There is no compelling reason to keep Endesa, Iberdrola, or Chrysler for that matter, alive. All we need are firms and management that innovate, create wealth, and behave responsibly. We don't need to love Endesa and we don't need Iberdrola to lead us to the New Jerusalem. Perhaps we could do with less corporate identity and lot more managerial integrity.

Thursday, May 10, 2007

Government Regulation and the Competitive Advantage of Nations

As the United States has retreated on regulation, so has the competitive advantage of U.S. companies world-wide.

This sounds paradoxical. How could government regulation, which is said to strangle innovation, be the source of national competitive advantage? Adam Smith would think I'd lost my mind, and Milton Friedman, would send me back for remedial Economics 101 (of course, I'd have to buy the latest edition of his famous textbook).

Here's how it works. Just as countries lose competitiveness for having too much corruption, countries can gain competitiveness by providing for capital a secure environment in which to invest and may provide incentives for innovating, especially as regards environmental and safety and health standards.

When government regulation is done right, it provides the solid rules for how to play the game.

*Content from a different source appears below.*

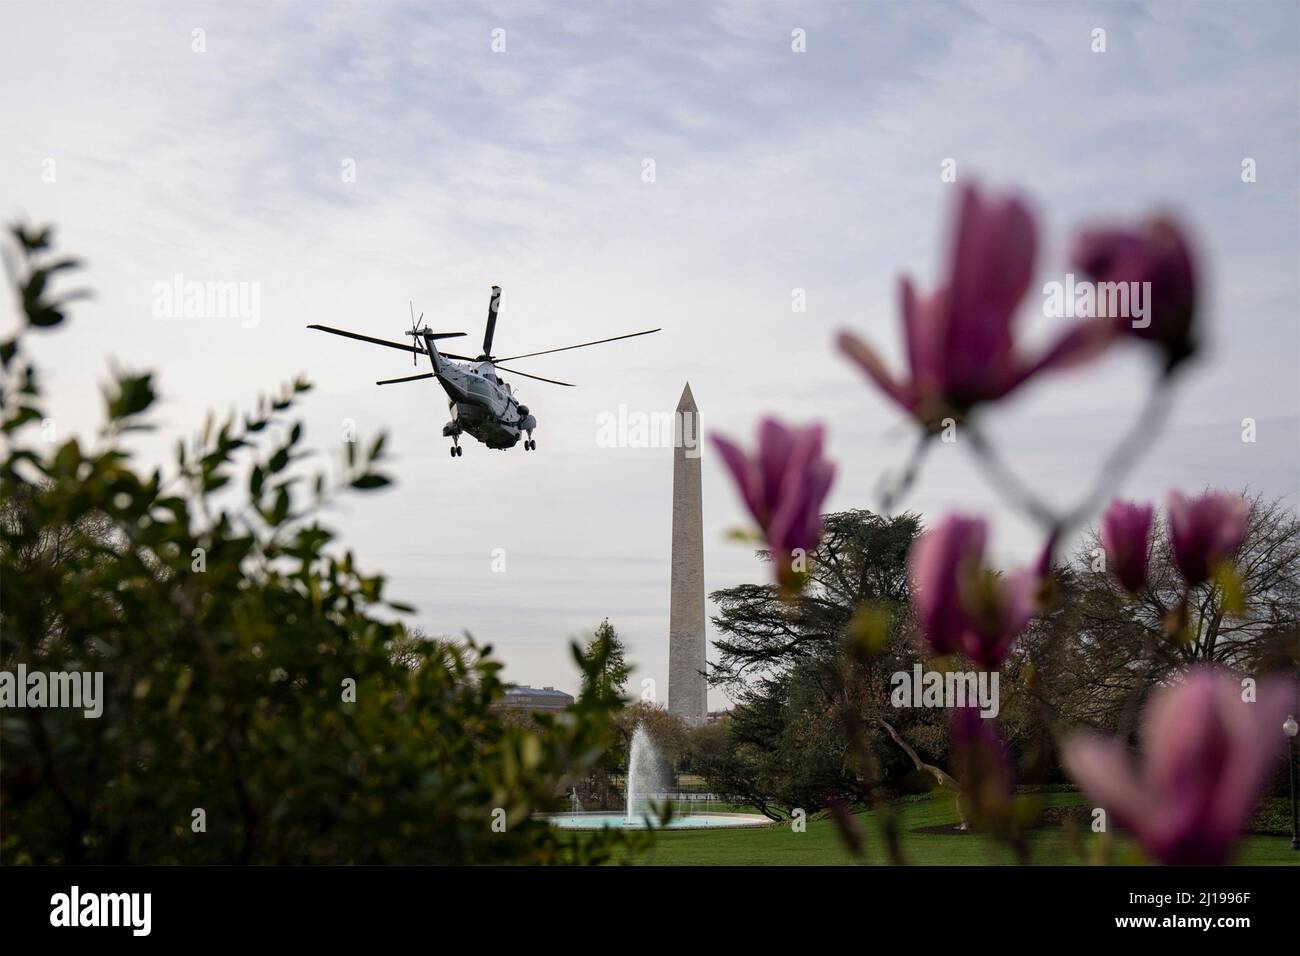 Washington, United States Of America. 23rd Mar, 2022. Washington, United States of America. 23 March, 2022. Marine One helicopter carrying U.S President Joe Biden departs from the South Lawn of the White House for a short trip to Andrews Air Force Base, March 23, 2022 in Washington, DC Biden is departing on a trip to Brussels and Poland to continue pushing for Ukraine support. Credit: Erin Scott/White House Photo/Alamy Live News Stock Photo

Which brings me to Sarbanes-Oxley. As companies complain about the onerous paperwork, capital continues to pour in to the New York Stock Exchange (NYSE), and foreign company listings grow. Sarbanes, however, is only one of many "annoyances". Companies have to meet tough reporting and corporate governance requirements, and, maybe even worse, also put with getting sued in the United States.

Two examples involving Spanish firms listing on the NYSE. When E.On screamed that Acciona and Enel were playing dirty, they sued in the United States. Several years earlier, Terra investors got mad at Telefonica for allegedly destroying Terra's share value, the investors sued In New York as well. Believe it or not, this is actually good for the NYSE. The NYSE's competitive advantage is not that it knows how to run a market -- much of that is technology -- but rather its collaboration with the secure and fair trading environment that the legal system guarantees.

This guarantee in New York is provided by the U.S. Attorney's Office for the Southern District of New York (see "Endesa, E.On, The Southern District Court of New York ... and Rudolph Giuliani"), traditionally an activist court that has defended investor rights and also gone after Wall Street malfeasance with great conviction. For this reason, not just civil liberties and fair elections come under attack when the President of the United States plays games with U.S. attorneys, doing business becomes also become more difficult as investors lose confidence.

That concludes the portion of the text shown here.